Other than skin discoloration, pityriasis versicolor is asymptomatic. Even though it's technically a rash, it doesn't often itch, burn, or crack like other skin diseases. It's characterized by patches that are lighter (hypopigmented) or darker (hyperpigmented) than the surrounding skin. These patches might also be dry and/or scaly. Given this distinct manifestation, a dermatologist can usually diagnose it on sight. Marie V. Hayag, MD, a board-certified dermatologist in New York City, gathers contextual information by asking questions like:
This information is usually plenty, but sometimes the condition can look similar to vitiligo, psoriasis, ringworm, or eczema. So, if your healthcare provider has any doubt, sending skin scrapings for further analysis can yield more definite results. During this test, your dermatologist will "scrape some of the scales and look under the microscope for the classic 'spaghetti and meatballs' presentation," says Tanya Kormeili, MD, a board-certified dermatologist in Santa Monica. "In general, TV starts off as pink to salmon-colored, scaled dots that leave your skin spotted white. This is because TV produces azelaic acid, a natural skin bleaching agent."
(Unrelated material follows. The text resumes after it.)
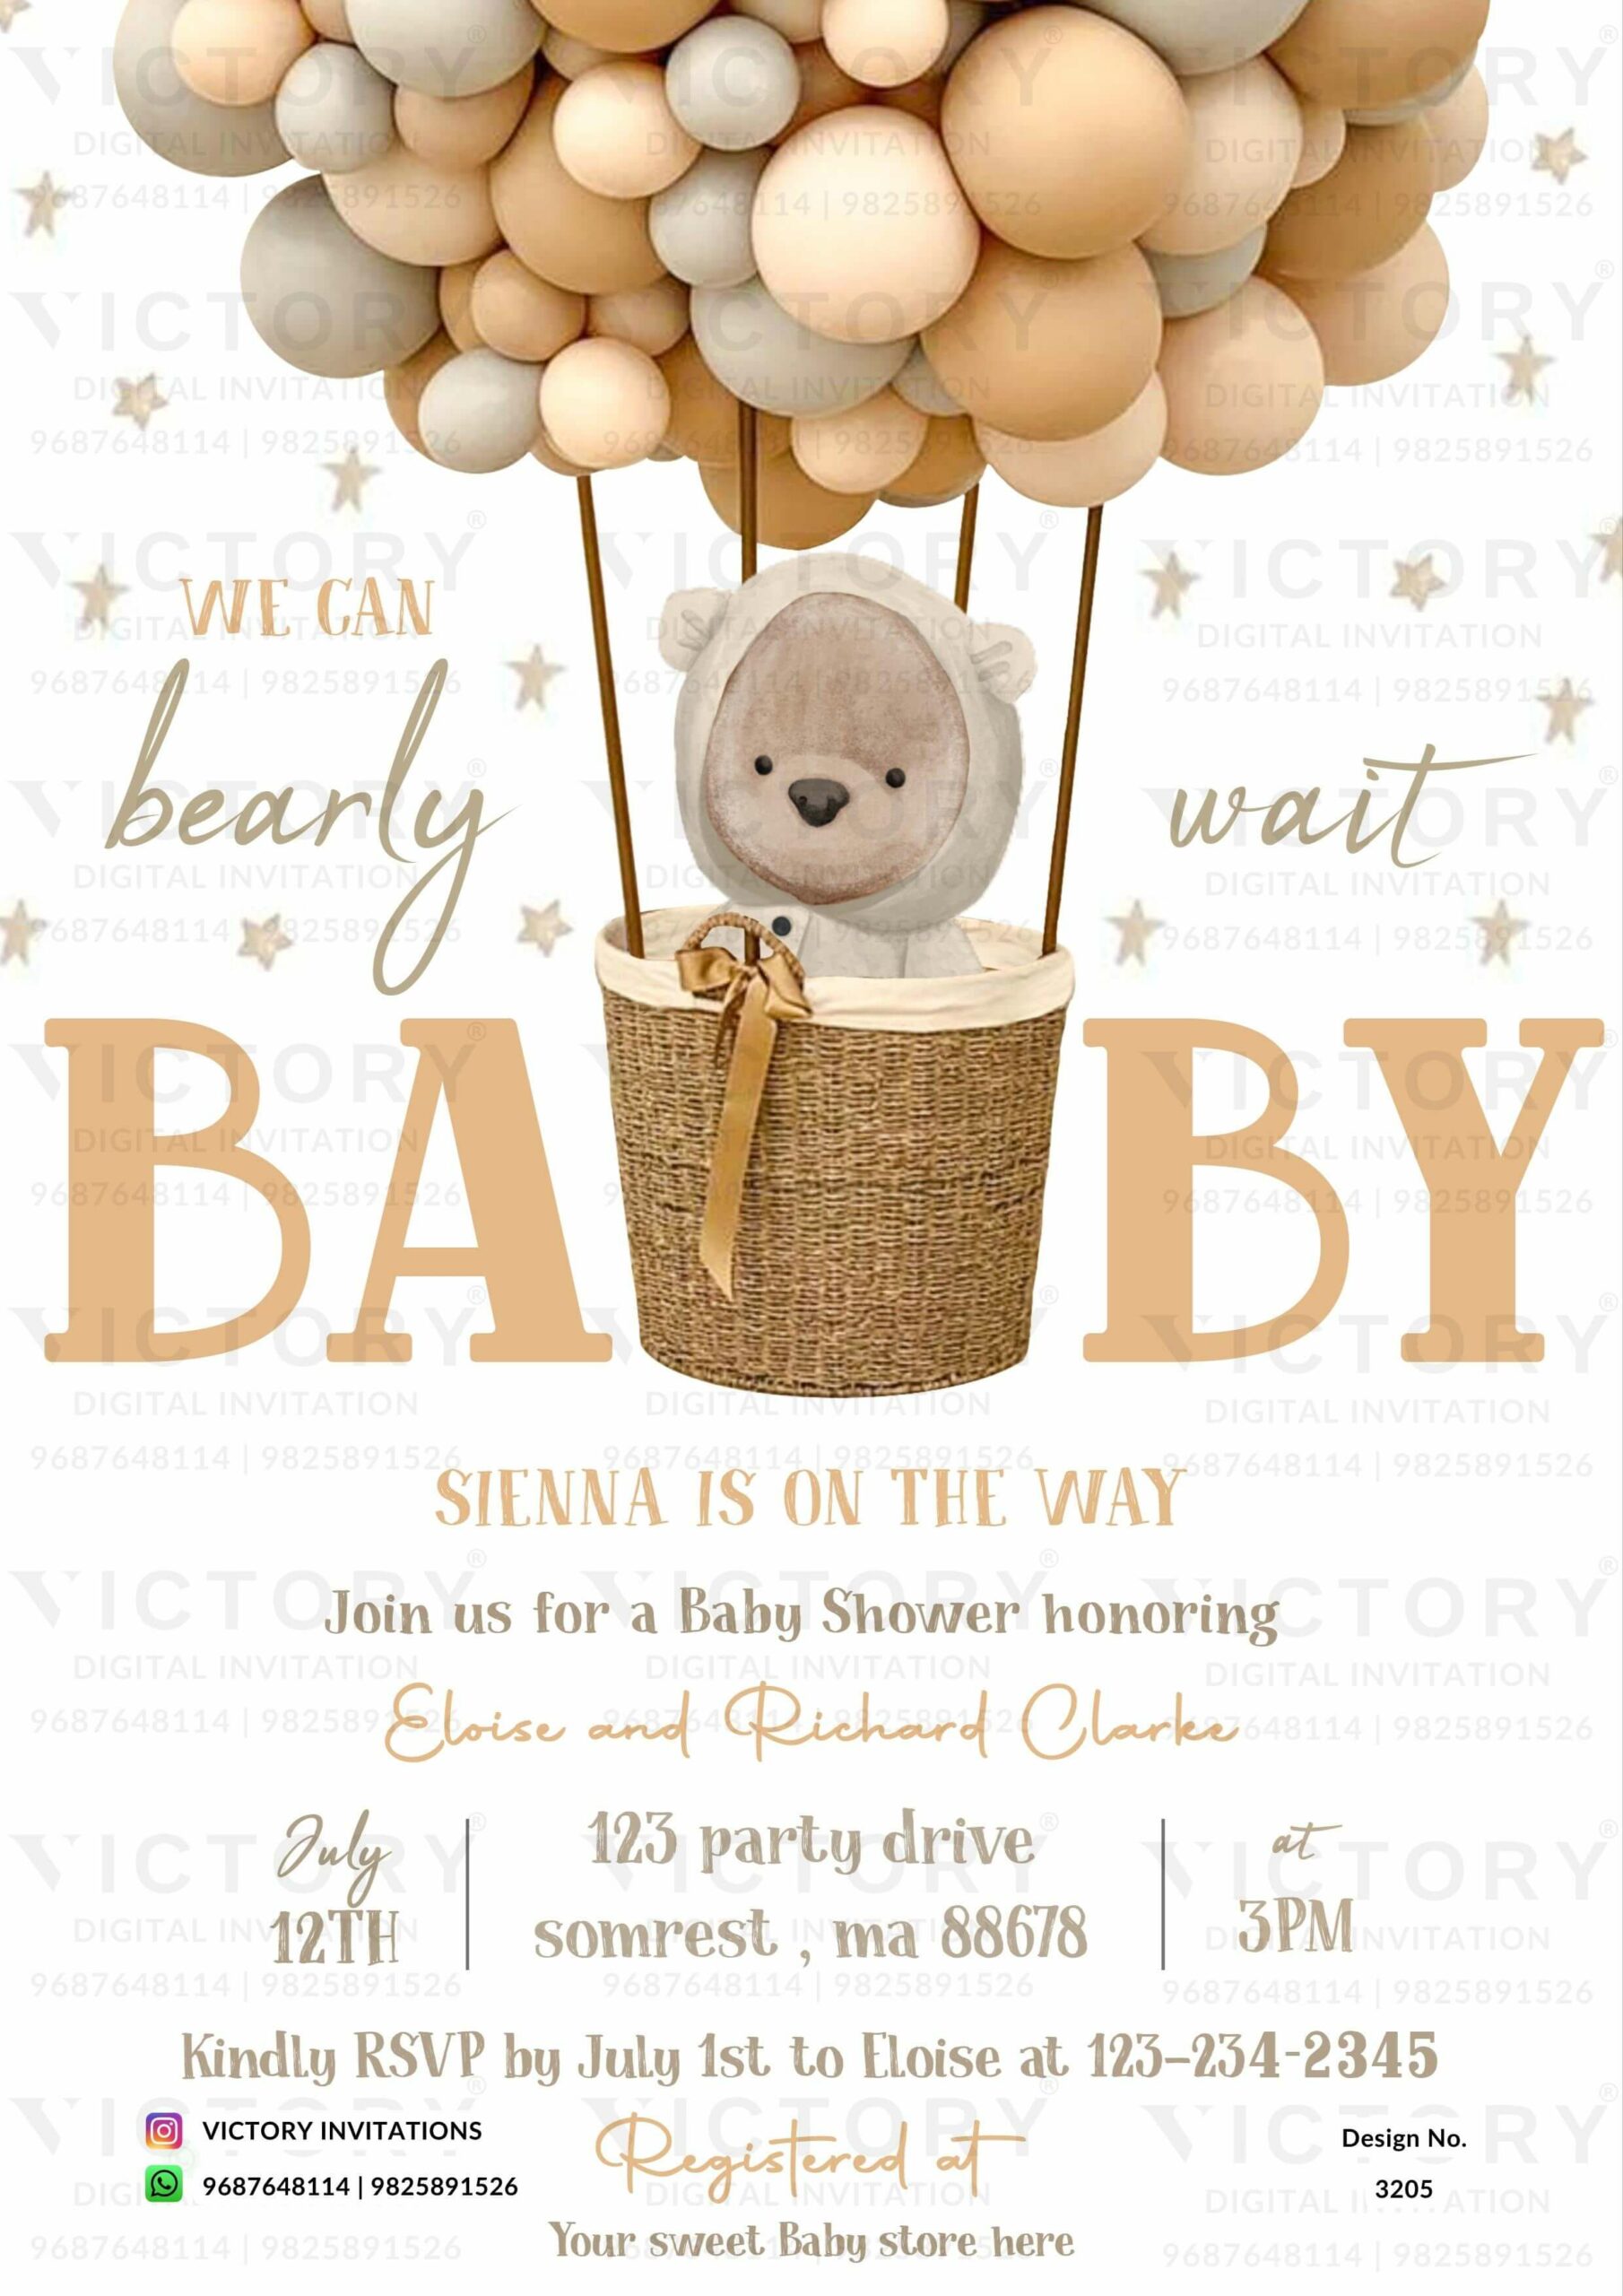 Baby Shower digital invitation card in english design no.3205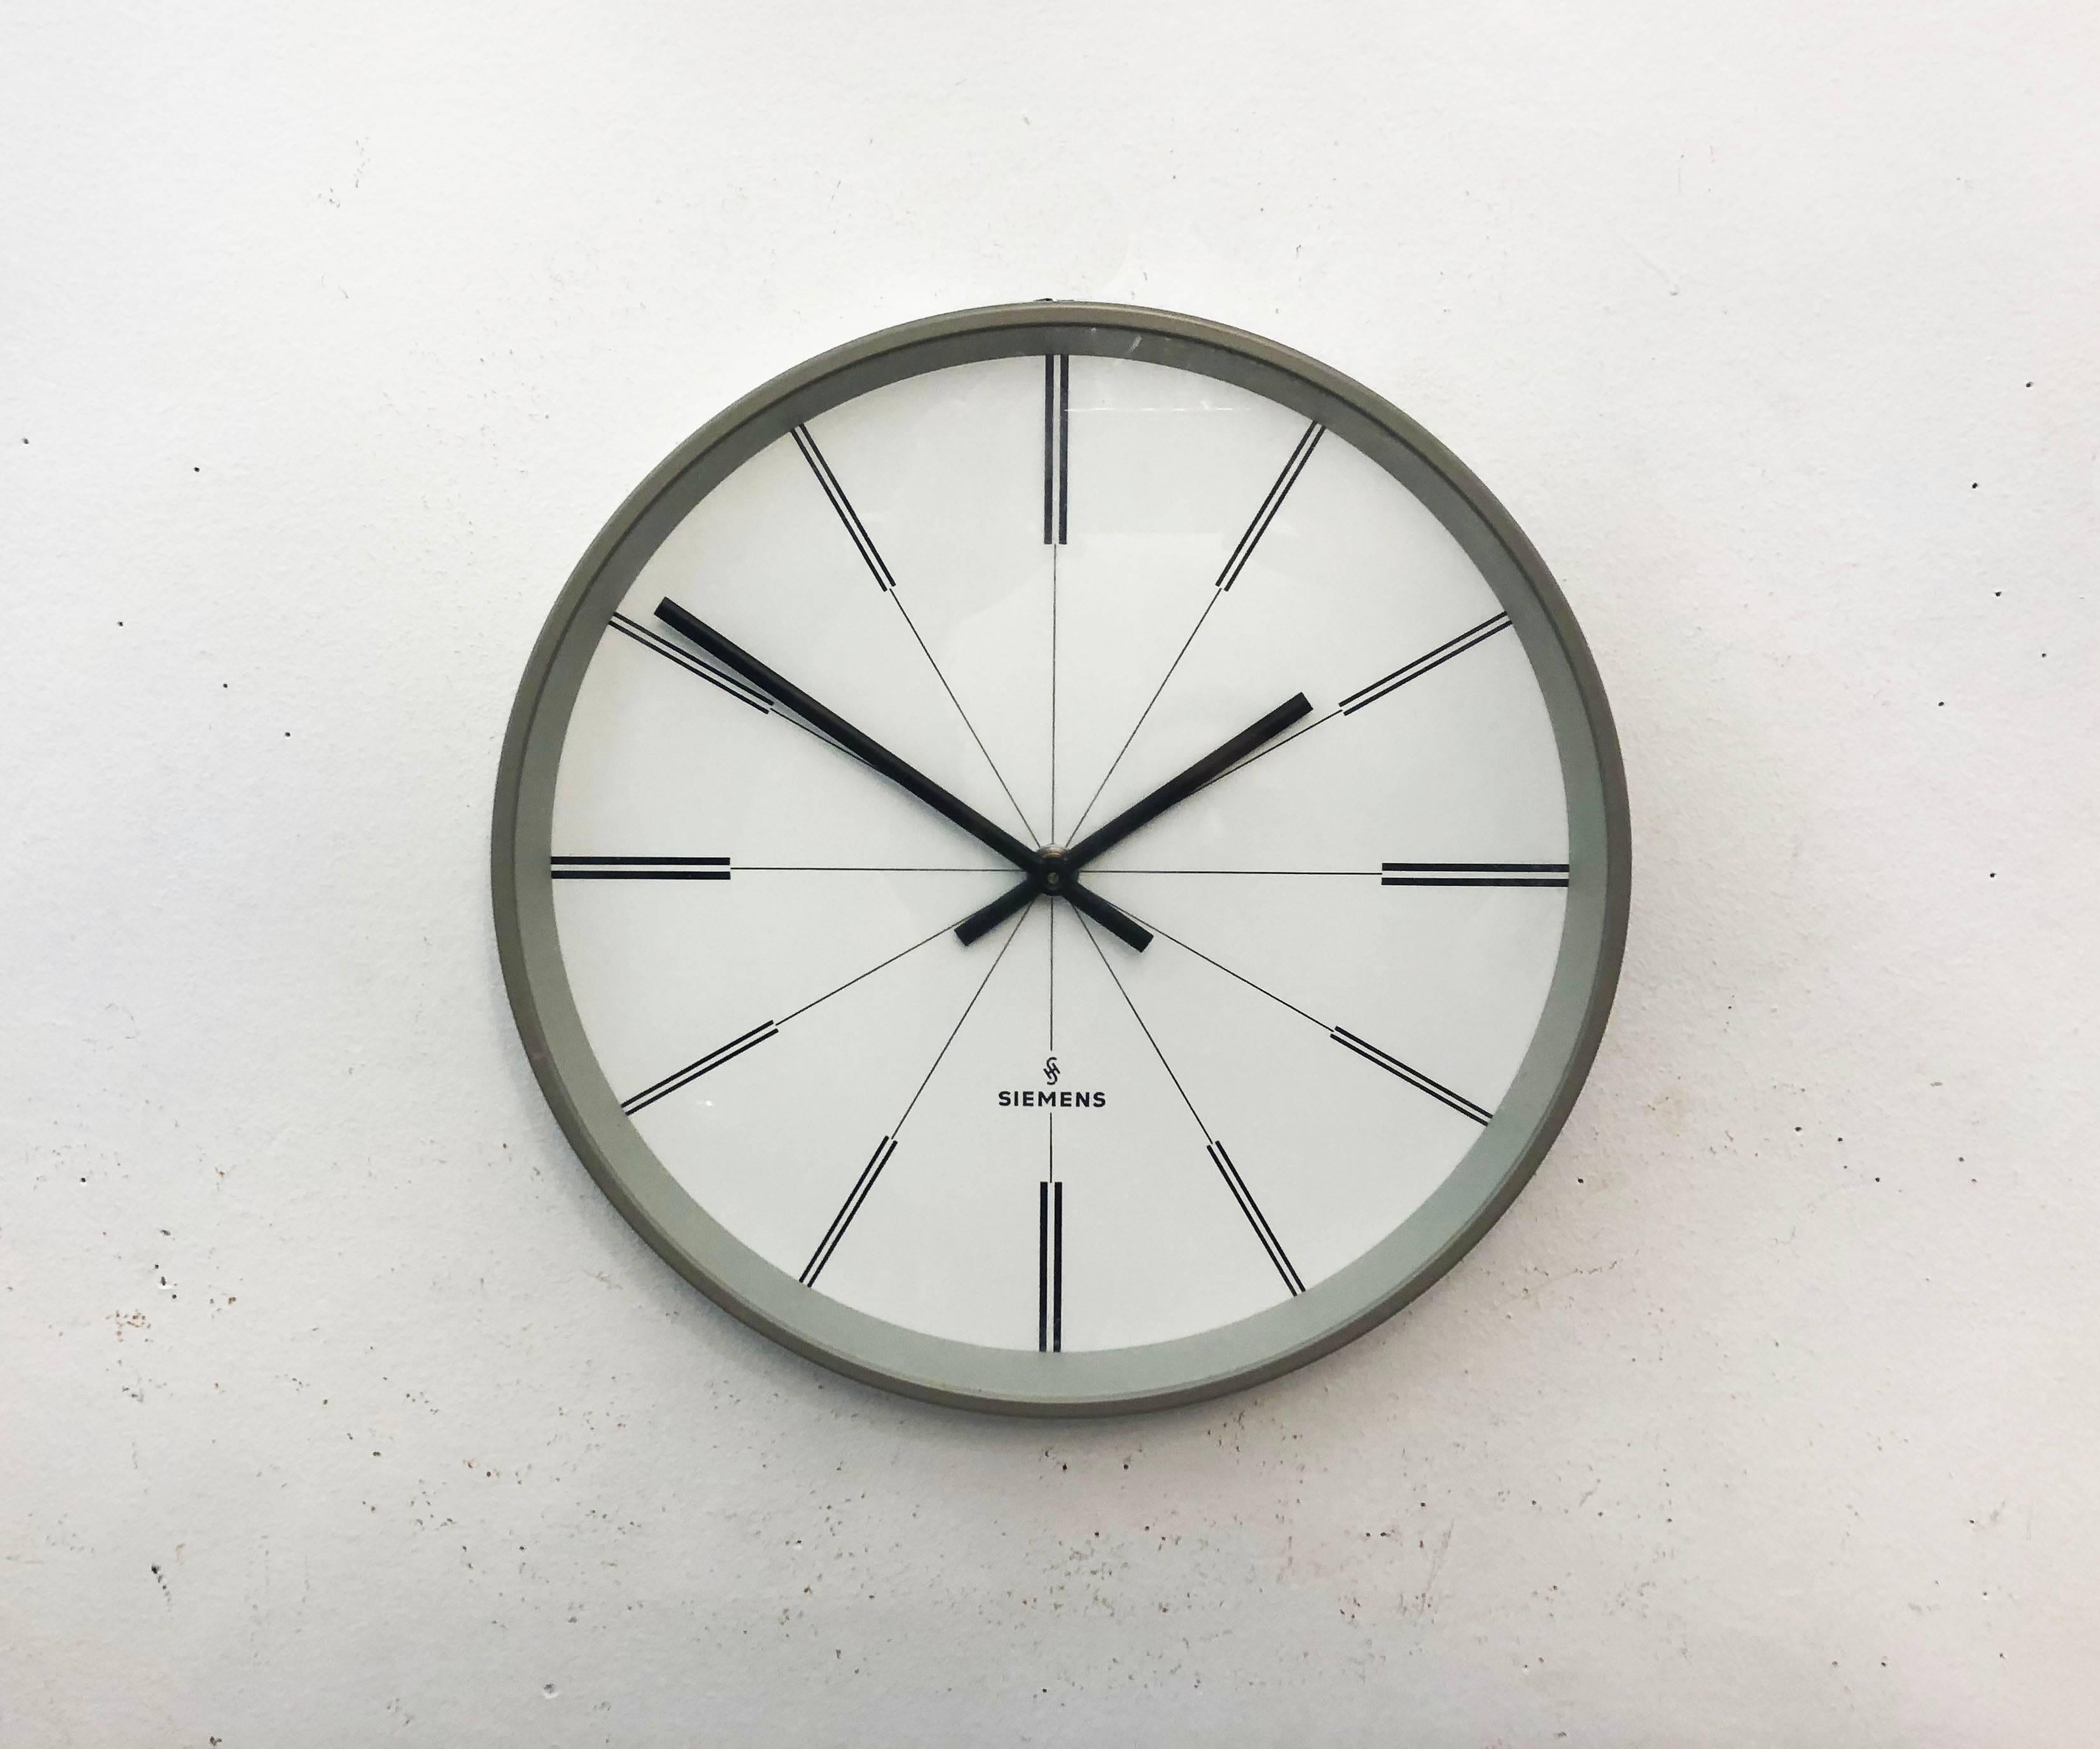 Painted Siemens Industrial Factory or Workshop Wall Clock For Sale

It can be unsettling to see discoloration spreading, but the good news is that there are numerous treatments that can halt its progression. The best option depends on your infection’s severity and location. According to the American Academy of Dermatology (AAD), when determining an appropriate treatment, dermatologists will consider "where the tinea versicolor appears on your body, how much skin has tinea versicolor, how thick the spots have grown, and the climate."
Quite often, all it takes to treat a case of pityriasis versicolor is an over-the-counter lotion, antifungal cream, or shampoo. In more severe cases or ones that cover a large area, prescription topical or oral antifungals might be necessary. Because Malassezia occurs naturally, these treatments primarily work to manage its levels, and there's always a chance that they could go out of balance again. It's not uncommon to see tinea versicolor disappear only to return down the road. Fortunately, it will not cause permanent scarring, pigment changes, or other damage.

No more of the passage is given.